When she recovered, her soul was calm and cold, without feeling. The

trucks were still rumbling by, and the man and the mare were still

fighting. But she herself was cold and separate, she had no more

feeling for them. She was quite hard and cold and indifferent.

They could see the top of the hooded guard's-van approaching, the sound

of the trucks was diminishing, there was hope of relief from the

intolerable noise. The heavy panting of the half-stunned mare sounded

automatically, the man seemed to be relaxing confidently, his will

bright and unstained. The guard's-van came up, and passed slowly, the

guard staring out in his transition on the spectacle in the road. And,

through the man in the closed wagon, Gudrun could see the whole scene

spectacularly, isolated and momentary, like a vision isolated in

eternity.

Lovely, grateful silence seemed to trail behind the receding train. How

sweet the silence is! Ursula looked with hatred on the buffers of the

diminishing wagon. The gatekeeper stood ready at the door of his hut,

to proceed to open the gate. But Gudrun sprang suddenly forward, in

front of the struggling horse, threw off the latch and flung the gates

asunder, throwing one-half to the keeper, and running with the other

half, forwards. Gerald suddenly let go the horse and leaped forwards,

almost on to Gudrun. She was not afraid. As he jerked aside the mare's

head, Gudrun cried, in a strange, high voice, like a gull, or like a

witch screaming out from the side of the road: 'I should think you're proud.' The words were distinct and formed. The man, twisting aside on his

dancing horse, looked at her in some surprise, some wondering interest.

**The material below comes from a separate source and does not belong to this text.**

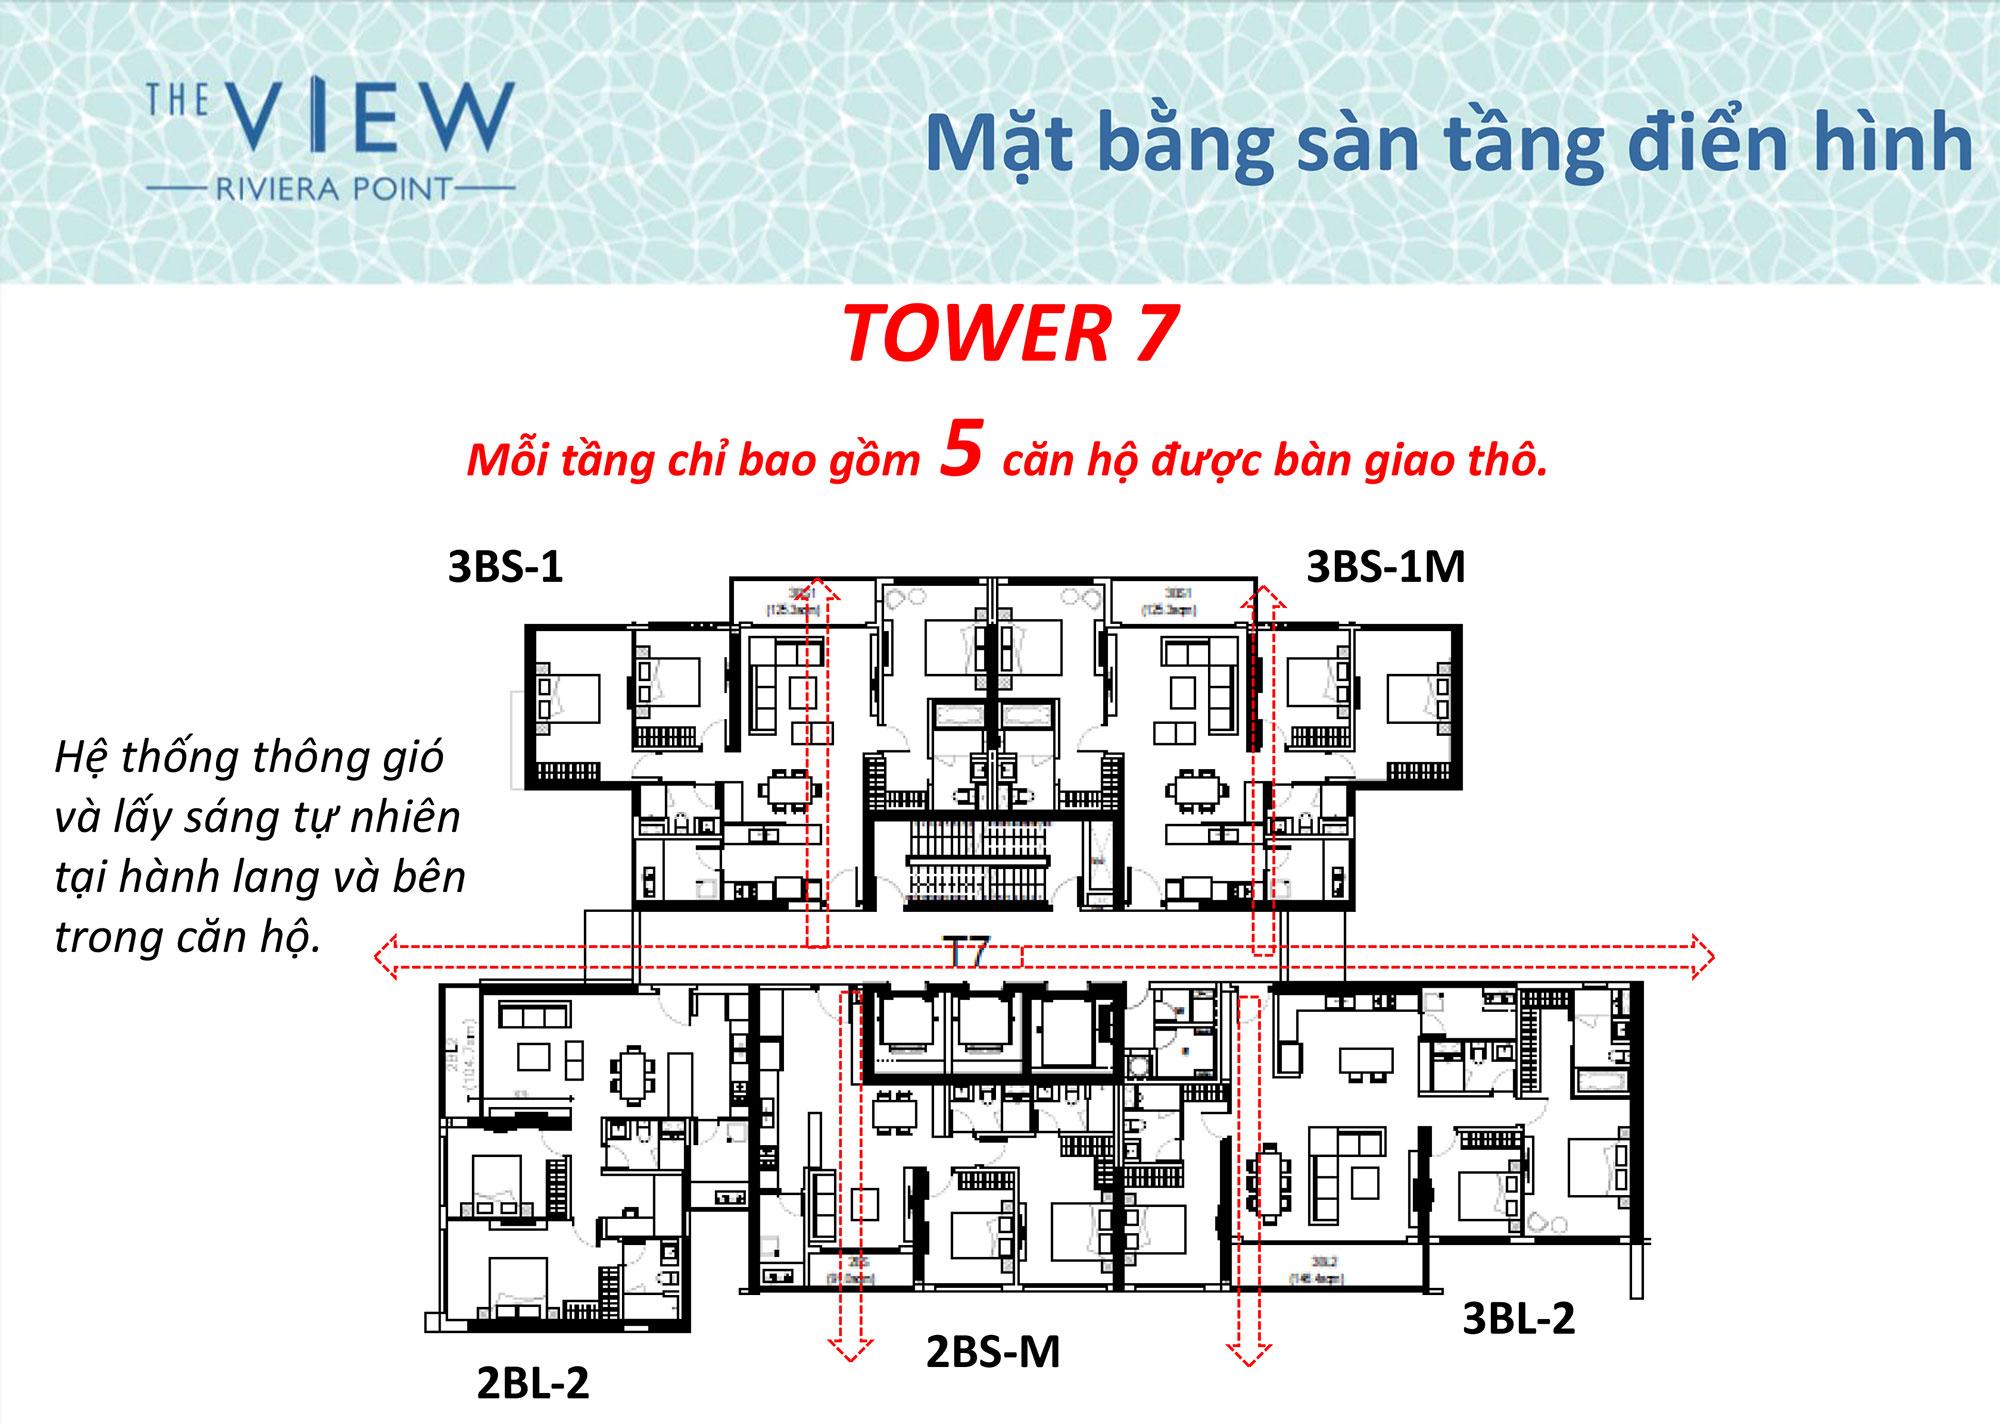 Mặt bằng tháp T7 căn hộ The View Riviera Point quận 7.

Then the mare's hoofs had danced three times on the drum-like sleepers

of the crossing, and man and horse were bounding springily, unequally

up the road.

The two girls watched them go. The gate-keeper hobbled thudding over

the logs of the crossing, with his wooden leg. He had fastened the

gate. Then he also turned, and called to the girls: 'A masterful young jockey, that; 'll have his own road, if ever anybody

would.' 'Yes,' cried Ursula, in her hot, overbearing voice. 'Why couldn't he

take the horse away, till the trucks had gone by? He's a fool, and a

bully. Does he think it's manly, to torture a horse? It's a living

thing, why should he bully it and torture it?' There was a pause, then the gate-keeper shook his head, and replied: 'Yes, it's as nice a little mare as you could set eyes on--beautiful

little thing, beautiful. Now you couldn't see his father treat any

animal like that--not you. They're as different as they welly can be,

Gerald Crich and his father--two different men, different made.' Then there was a pause.